Description
Quick, creamy classic comfort food with a hatch Chile twist and pepper jack cheese for an extra kick!
Ingredients
Units
Scale
- 1 lb large shells
- 2 tablespoons unsalted butter
- 2 tablespoons all purpose, unbleached flour
- 2 cups water
- 4 cups whole milk
- 8 ounces canned diced hatch chiles
- 1 teaspoon smoked paprika
- 1 teaspoon garlic powder
- 1 teaspoon coriander
- 1 teaspoon cumin
- 1/2 teaspoon Mexican oregano
- 1/2 teaspoon onion powder
- 1/2 teaspoon ground mustard powder
- 1/2 teaspoon ground black pepper
- 1 teaspoon coarse salt
- 3 cups sharp cheddar cheese, freshly grated
- 1 cup pepper jack cheese
- 1 cup parmesan cheese, freshly grated
- 1/2 cup gruyere cheese, freshly grated
- Fresh cilantro, roughly chopped for garnish
Instructions
- In a large dutch oven or stock pot, melt butter over medium heat.
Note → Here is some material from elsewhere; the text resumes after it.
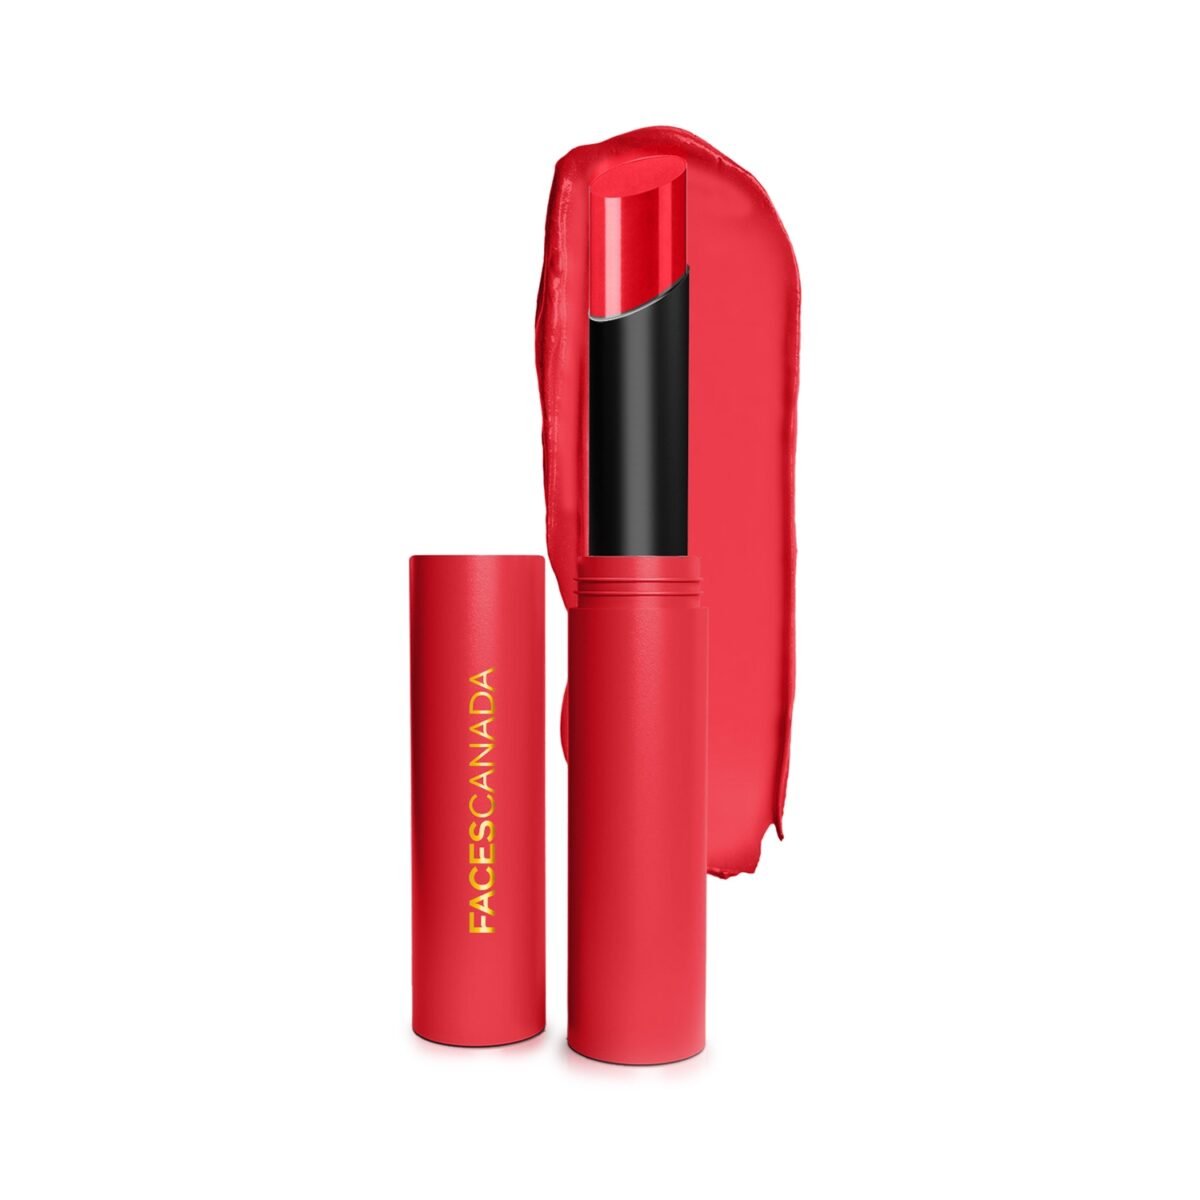 Faces Canada Long Stay Matte Lipstick, 09 Showstop Red 2g

Whisk in flour until smooth. Cook for 2-3 minutes, whisking frequently, until the mixture starts to turn golden.
- Slowly pour in the water and milk, whisking until smooth.
- Stir in all spices, chiles, and elbow macaroni. Bring to a simmer and reduce heat to medium low. Maintain the simmer but stir occasionally to keep the pasta from sticking to the bottom of the pot. Cook 8-9 minutes, until pasta is al dente (do not overcook pasta!).
- Remove from heat. Stir in cheeses until melted and smooth. Add more salt and pepper to taste. Garnish with fresh chopped cilantro. Serve immediately.